Task goal – Quote the listing below in its entirety.

---------- The data ----------

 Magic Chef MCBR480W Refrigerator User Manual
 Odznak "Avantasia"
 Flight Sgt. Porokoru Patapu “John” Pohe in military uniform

----------

Solved exercise –
 Magic Chef MCBR480W Refrigerator User Manual
 Odznak "Avantasia"
 Flight Sgt. Porokoru Patapu “John” Pohe in military uniform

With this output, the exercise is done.